Every line of the data below is to be duplicated exactly, pictures excepted.

DATA SECTION:
-----

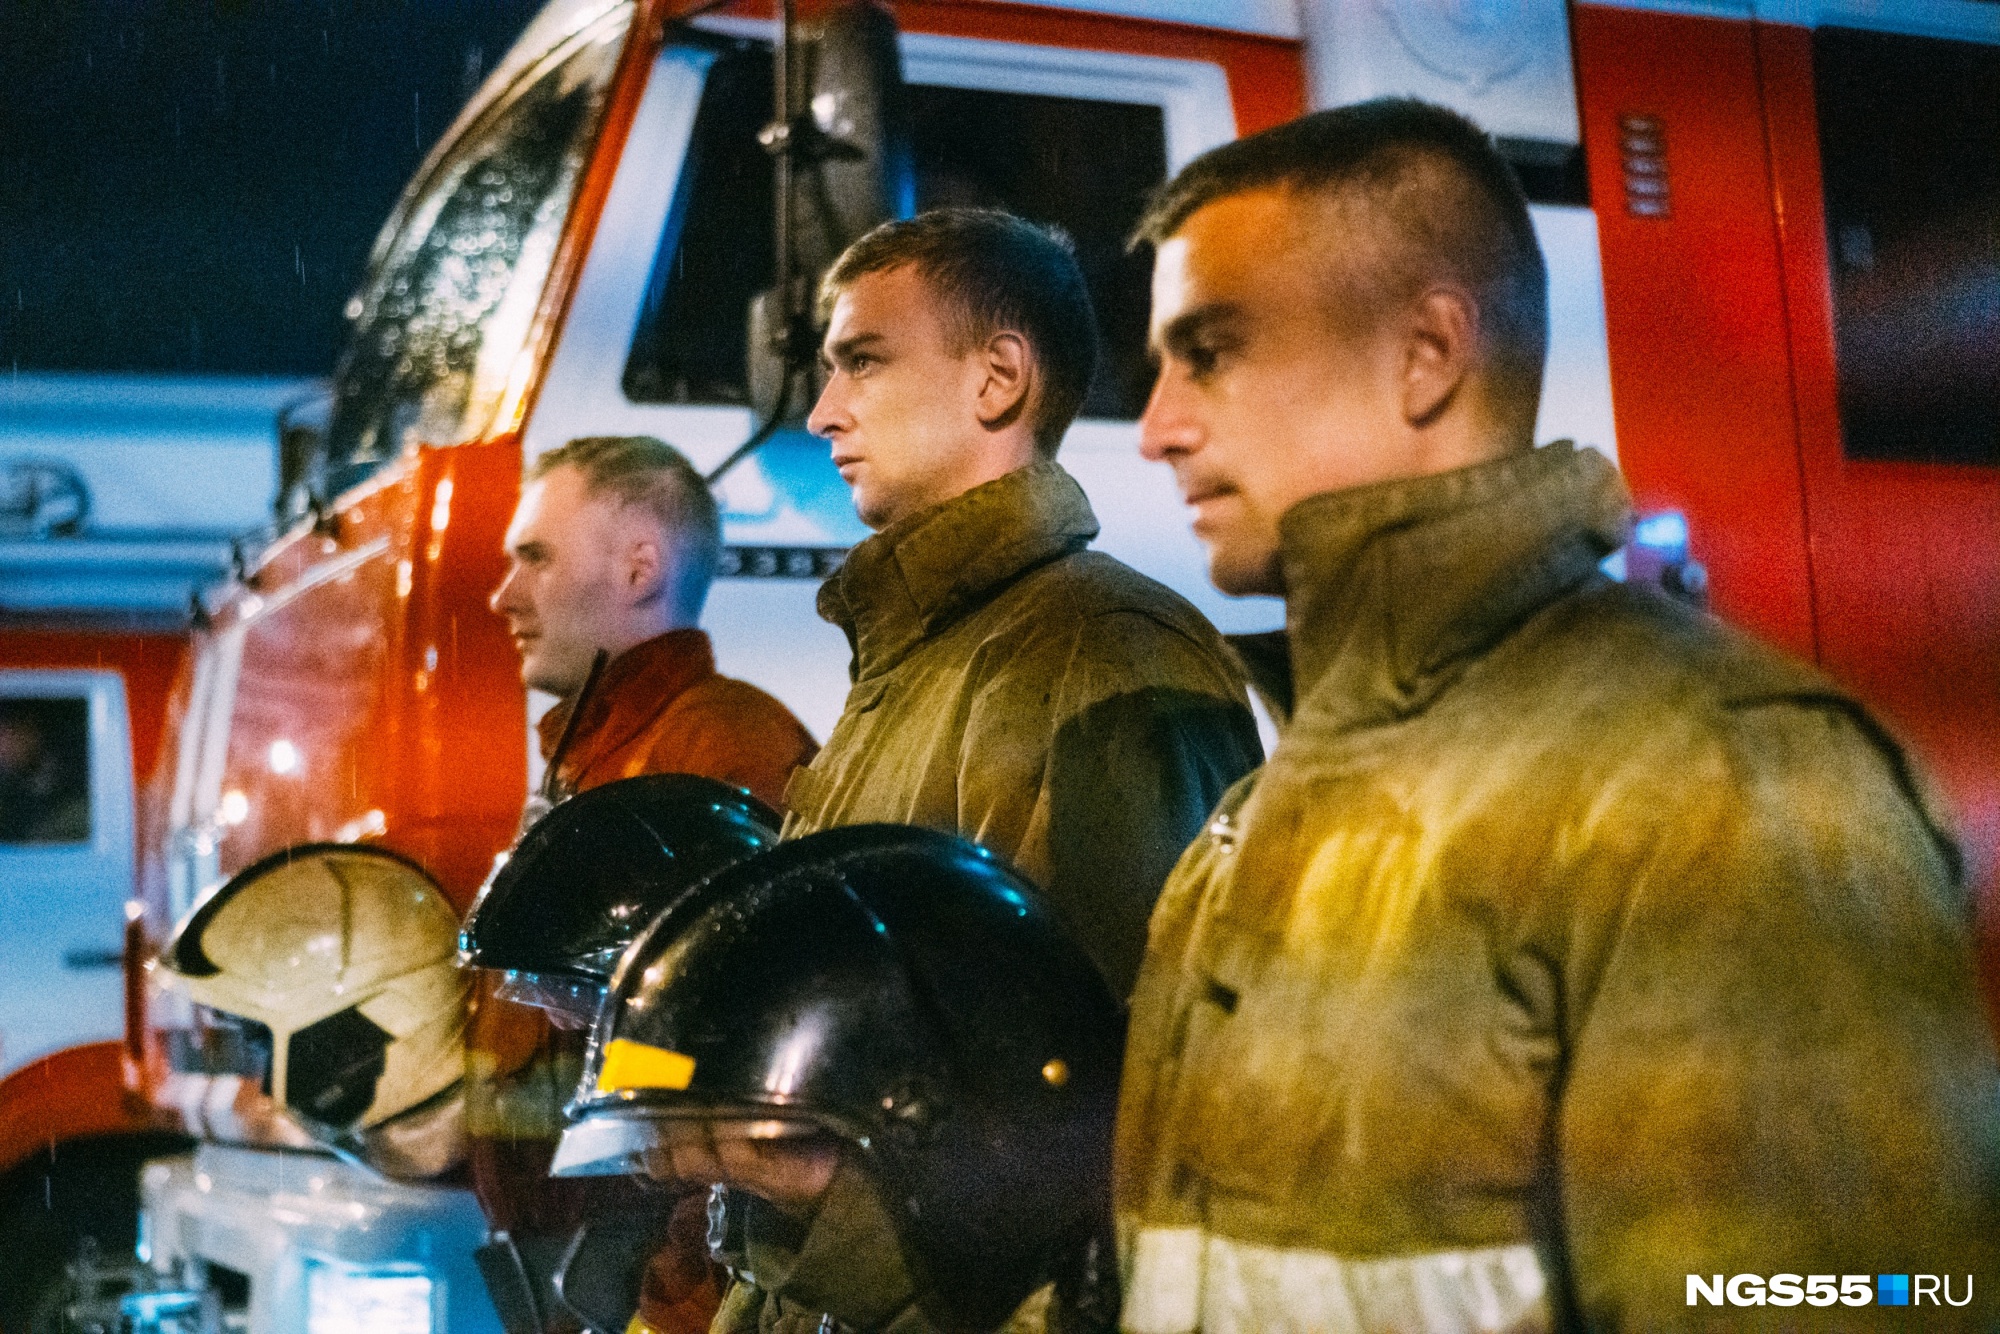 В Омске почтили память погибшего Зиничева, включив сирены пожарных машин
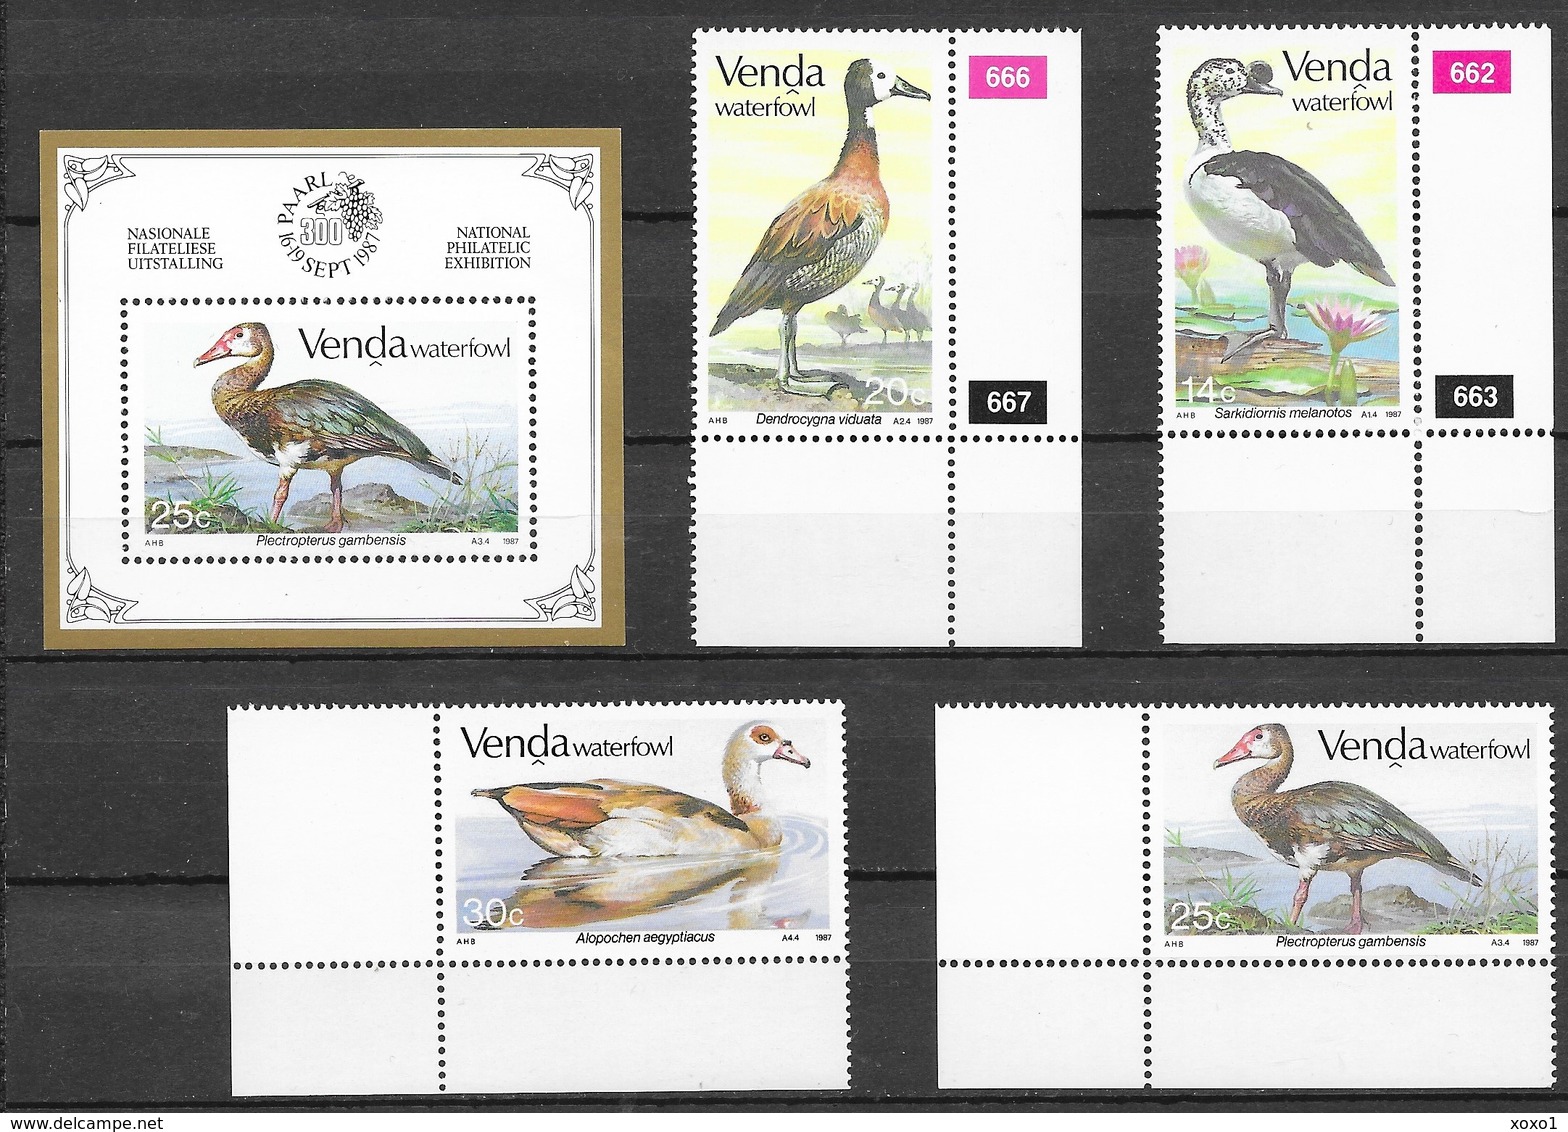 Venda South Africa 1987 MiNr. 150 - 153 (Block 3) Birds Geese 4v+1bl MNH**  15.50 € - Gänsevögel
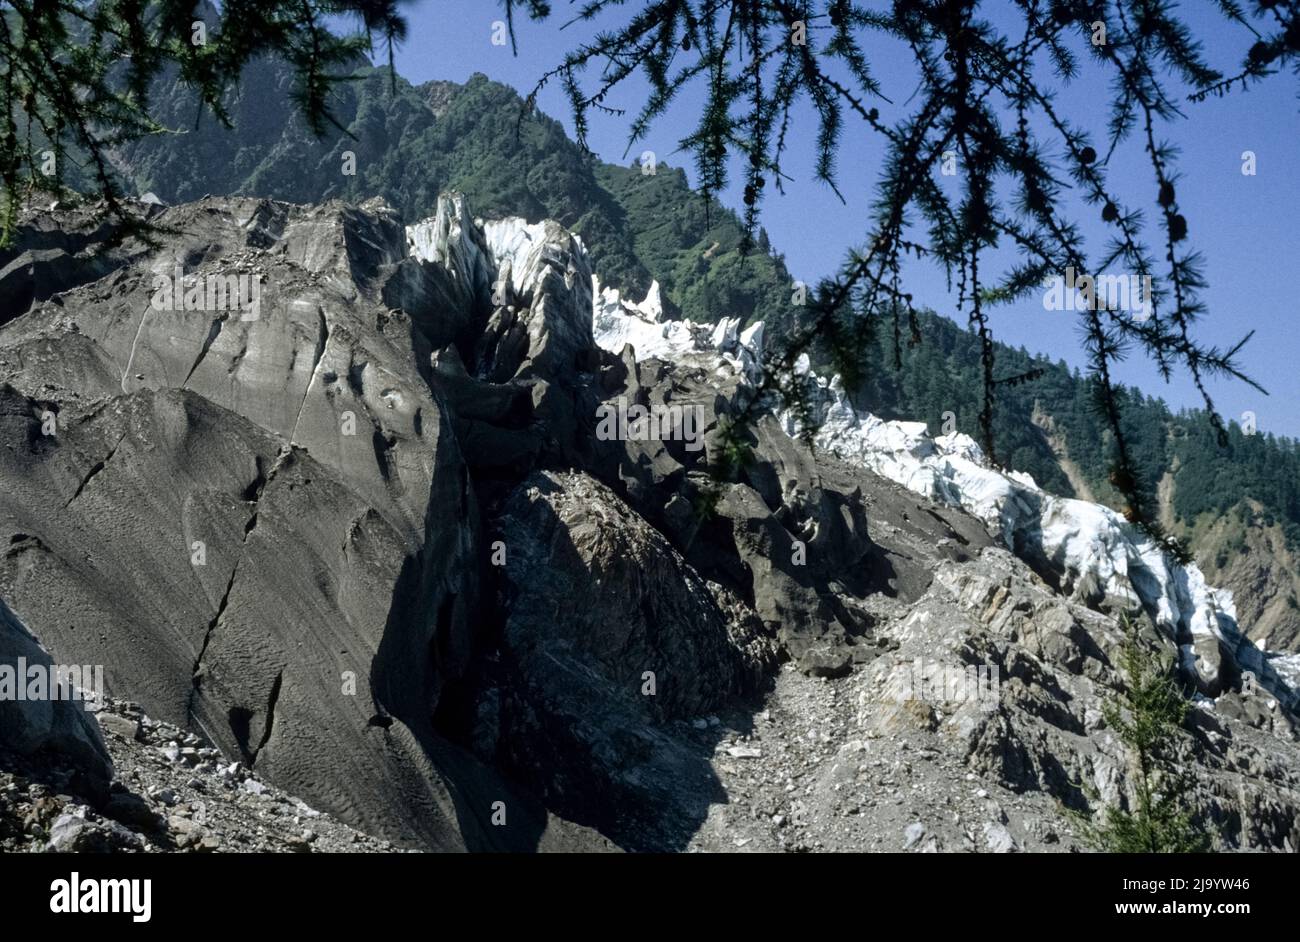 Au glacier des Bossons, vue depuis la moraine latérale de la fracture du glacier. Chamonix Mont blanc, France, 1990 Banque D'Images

-----

THE ANSWER:
 В Омске почтили память погибшего Зиничева, включив сирены пожарных машин
 Venda South Africa 1987 MiNr. 150 - 153 (Block 3) Birds Geese 4v+1bl MNH**  15.50 € - Gänsevögel
 Au glacier des Bossons, vue depuis la moraine latérale de la fracture du glacier. Chamonix Mont blanc, France, 1990 Banque D'Images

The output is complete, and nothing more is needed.